I have a 50,000 btu furnace I got from my local hvac guy. He took it out of a house they added onto so it wasn't big enough anymore. It is in the corner of the building, and 3 years ago I put a new AC in the house and put the old one on the shop. Nice to have heat AND cool in your shop.


----------



## MrFid (Mar 9, 2013)

I just fart a lot.


----------



## bigblockyeti (Sep 9, 2013)

Best heat source there is!


----------



## Blackie_ (Jul 10, 2011)

Like Jim, I am in central Texas, I use this Stanley heater to warm my stand alone shop.

http://www.amazon.com/Lasko-675919-Stanley-Pro-Ceramic-Utility/dp/B005S4N3UC/ref=sr_1_1?ie=UTF8&qid=1418909651&sr=8-1&keywords=Stanley+heater


----------



## BinghamtonEd (Nov 30, 2011)

Does body heat count? My shop was down around 35 the other day, and felt cold. Every time I have to open the garage door to get the snow blower out, the temperature plummets. I have a nice lined hoodie from LL Bean that I will wear for the first 10 minutes or so. Once I get to some hand tool work or moving lumber around, I sometimes warm up enough to get by without it.


----------



## Lazyman (Aug 8, 2014)

I friend of mine loaned me a Soleus 12,000 BTU portable A/C with heater function. It runs on standard 110v outlet. I borrowed it for use in my uninsulated garage during the Texas summer but I have found that the heater is great for the cool days too. For heat, this one acts as a heat pump, basically running backwards. I also bought a 1500 watt shop space heater that I have hanging over my bench for those really cold days to make a warmer spot.


----------



## Ottacat (May 1, 2013)

I use the exact same heater as @JoeinGa who first responded. I bought mine at Lowes. Here in slightly chilly Canada I use a 110V heater to maintain the temperature at around 45-50 degrees and then an before I want to work I turn on the big 220V heater. It warms the shop to about 65 in less than hour. Mine is a 2-car attached garage. Keeping the cement floor at 45 makes act like a big heat sink.


----------



## JayT (May 6, 2012)

I use an infrared heater. Turn it on an hour or so ahead of time and the shop is warm enough to work.


----------



## R_Stad (May 9, 2013)

I've had this model for a couple of years - need 220 and not very expensive to run. Very nice to use - instant heat even if you need to work just for an hour or two.

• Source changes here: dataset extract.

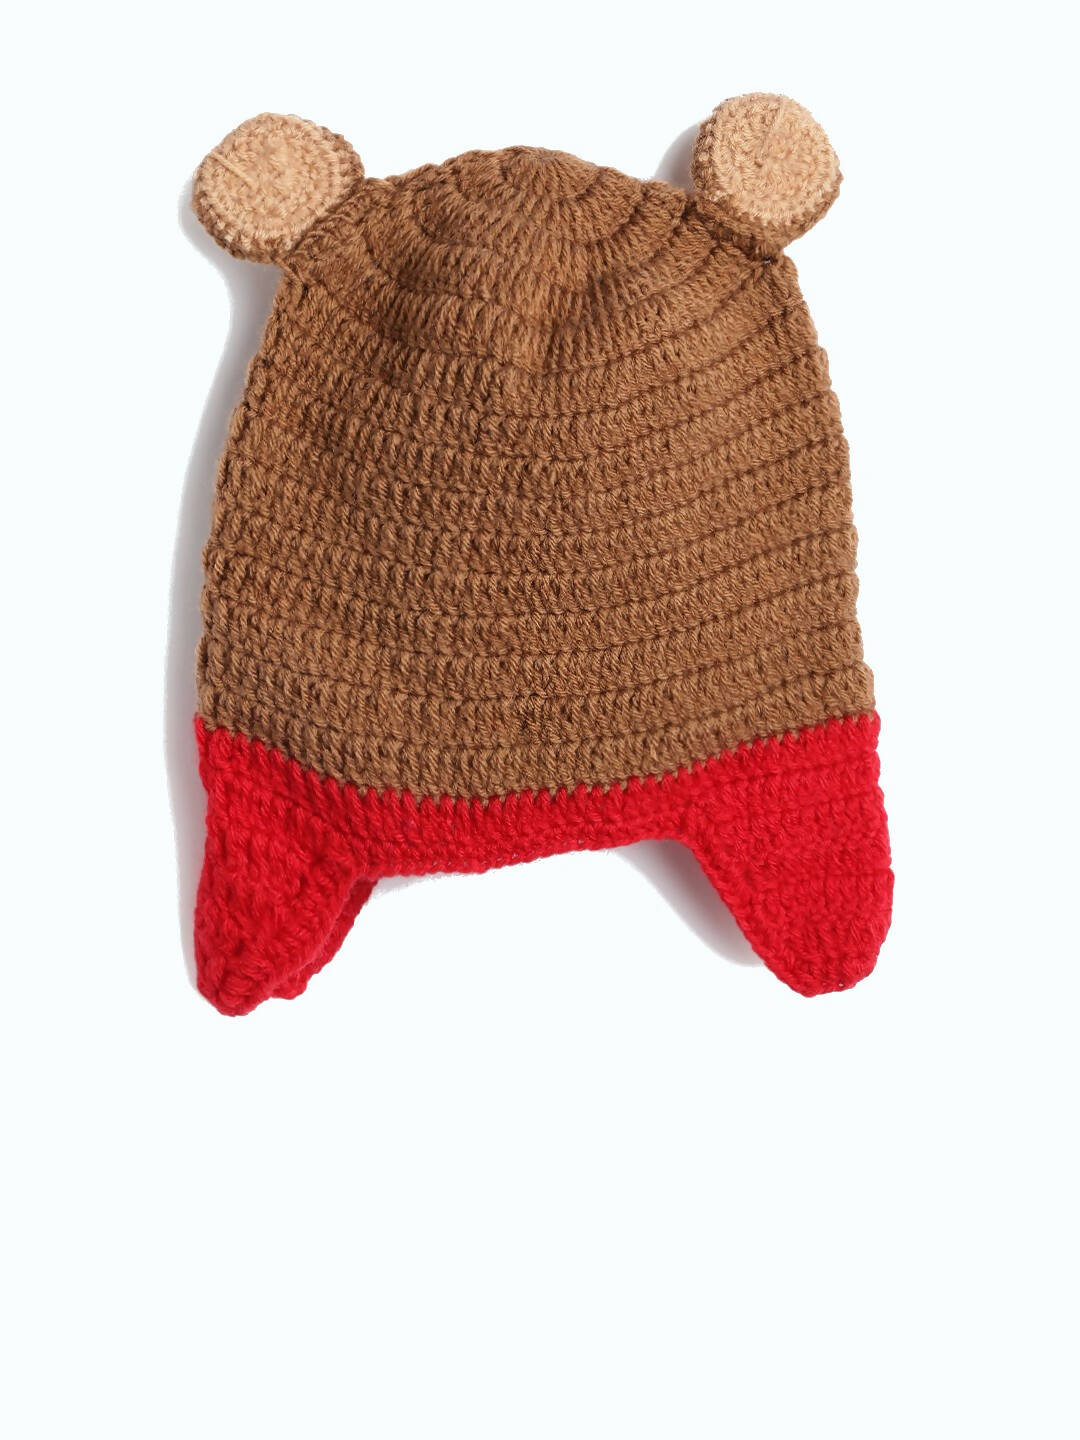 Chutput Kids Woollen Hand Knitted Bear Detail Cap - Brown - Distacart

http://www.farmandfleet.com/products/194376-fahrenheat-ceiling-mount-automatic-electrical-garage-heater.html#.VJLzCntQCPc


----------



## LarryT (Sep 18, 2012)

I have used a ceiling hung electric heater for the past 5 years since I built my shop. 
It works OK but in our Iowa winters the electric bill is noticably higher. 
I'm considering replacement with some type of heat pump system similar to 
those typically found in motel rooms. They are much more efficient that pure 
resistance heating.


----------



## AndyMc (Feb 4, 2014)

Thanks everyone! I appreciate your input. Think I'm gonna start "cheap & inexpensive" to make due and save my pennies for a 'serious' upgrade 

P.S.- I currently use the beans method, but the 'open blue flame' thing scares me a little.


----------



## 8iowa (Feb 7, 2008)

There are some external factors that will certainly guide you in one direction or another, ie: cost of electricity, availability of natural gas, and number of circuit breakers devoted to your garage.

Here in Gainesville, FL, even though I have natural gas available, the winter climate is so mild that I only occasionally have to run a small ceramic electric heater. Anything else would be "overkill".

My "Workshop in the Woods" however, is in Michigan's Upper Peninsula, where it can be really cold. There I have a 35,000 BTU Reznor propane heater with the separated combustion feature. It's darn near perfect. I have a 250 gallon propane tank just outside my back wall.


----------